Age 18 - 28 Can Your Mind Make Up That You Are Transgender?

Can your mind convince you that you have gender dysphoria and are transgender when in reality you're not? Dr. Z breaks down by age groups—today's video is age 18-28, next week's is 28+.

Age matters very much in this equation. When we're 18-28 (even before 18), our brain still continues to develop. There's a particular function right here in front of our brain called prefrontal cortex—part of frontal lobe very connected to executive function. This part doesn't fully develop until we're about 25 years old (Dr. Z makes this video past 25 to age 28 to give legroom).

Prefrontal cortex is part of executive function of cognition responsible for impulse control, short-term decision making, and especially being able to see how your behavior and actions are going to have consequences and what kind they might have. It's very dynamic and important part of mental functioning.

Example: When you see someone age 21-23 drink at a party then get behind the wheel and drive, you wonder "how can somebody make such a stupid mistake as driving while intoxicated?" That's why—because this part of brain responsible for thinking "how will me driving drunk have consequences, get somebody killed, get pulled over, get in car accident, affect my life" is not fully developed.

Answer: Is it possible for age 18-28 to convince your mind you have gender dysphoria and are transgender? Yes, absolutely. The mind is capable of convincing us of numerous things, not just gender dysphoria.

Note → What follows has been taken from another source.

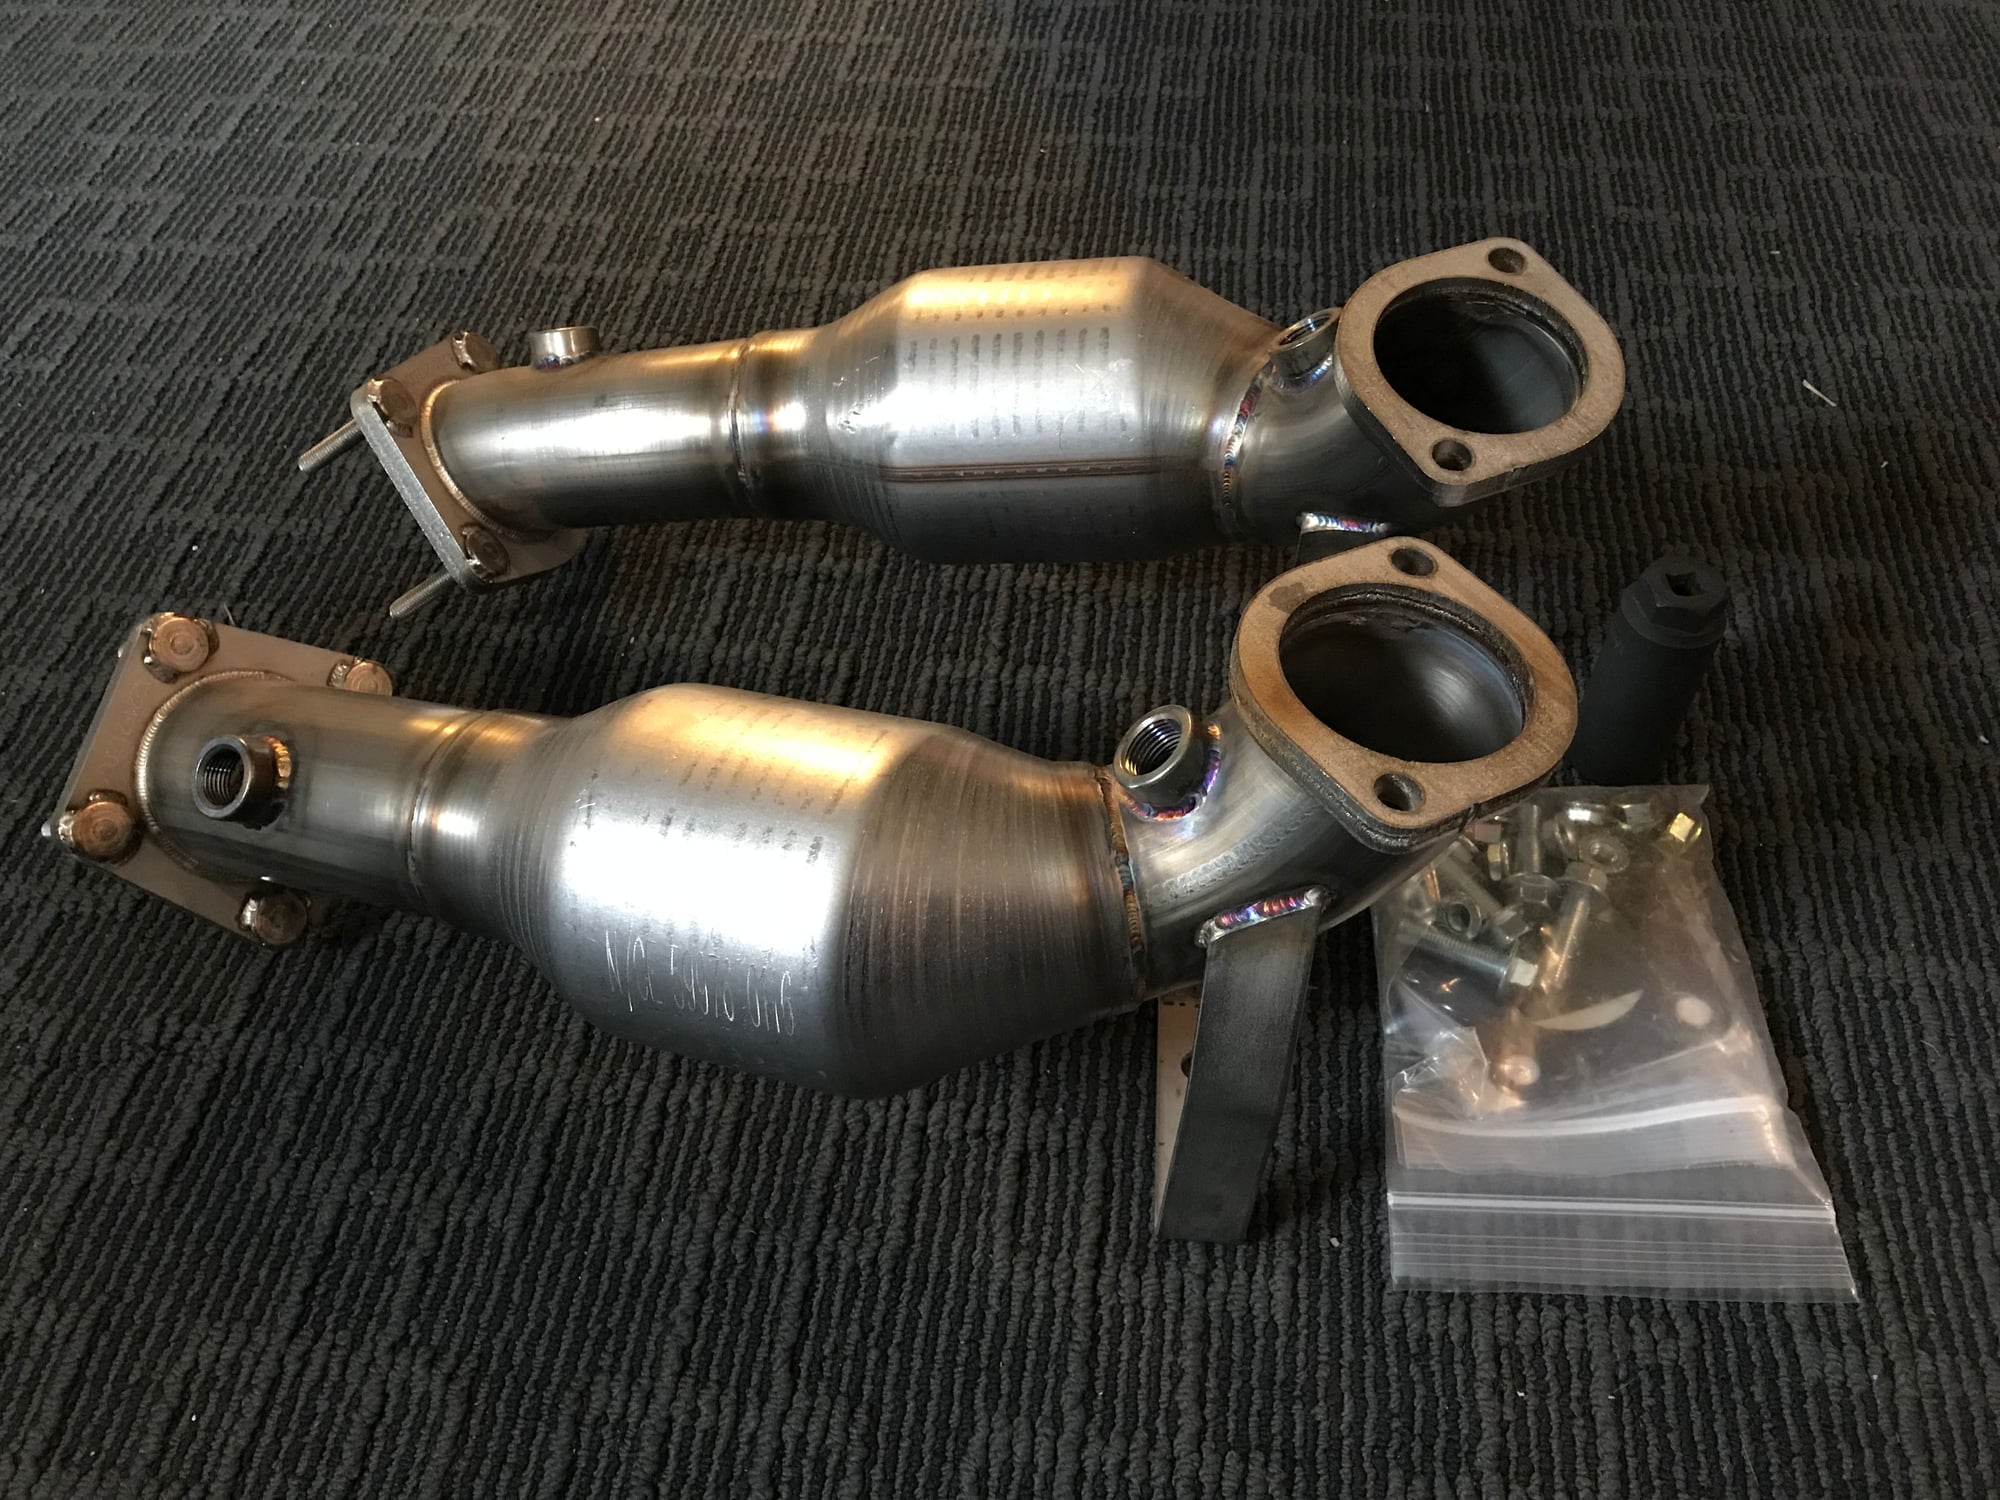 Engine - Exhaust - Nameless Downpipes Manufactured for 2003-2006 XKR - New - 2003 to 2006 Jaguar XKR - Santa Ana, CA 92706, United States

Big difference: There's a group who fall into this age category who are certain, who know at their core they're transgender (may be fearful and worried about transitioning or taking first steps, but at core they know). Then there's the group Dr. Z is speaking to today who are not sure, constantly questioning, really uncertain, think it may be gender dysphoria but not quite convinced yet. That's the group much more susceptible to convincing themselves/their mind that they may be transgender when in reality they may be dealing with issues of gender expression and gender expression conflict, gender role confusion, even issues such as sexuality (though sexuality isn't directly connected to gender identity, it is part of it).

Watch to find out why when you're that young you lack relationship experiences, intimacy experiences, life experiences (you don't have much time navigating the world in your biological sex and gender assigned, making it more difficult), why you're of generation of internet/social media/computers (you immediately google, start listening to narratives, the more you listen and get obsessed the more possibility of confusing how you hear somebody else's account with parallels to your current life, distorting it and believing you may be transgender), why being so confused is a telling sign (can mean a lot of things—something to investigate), and why confusion is a yellow light (not green saying "go forward," not red "stop sign"—it's a pause sign to investigate because transition is such a big endeavor, costly, psychologically stressful, financially costly—everybody contemplating transition owes it to themselves to investigate and make sure that's really truly what they want).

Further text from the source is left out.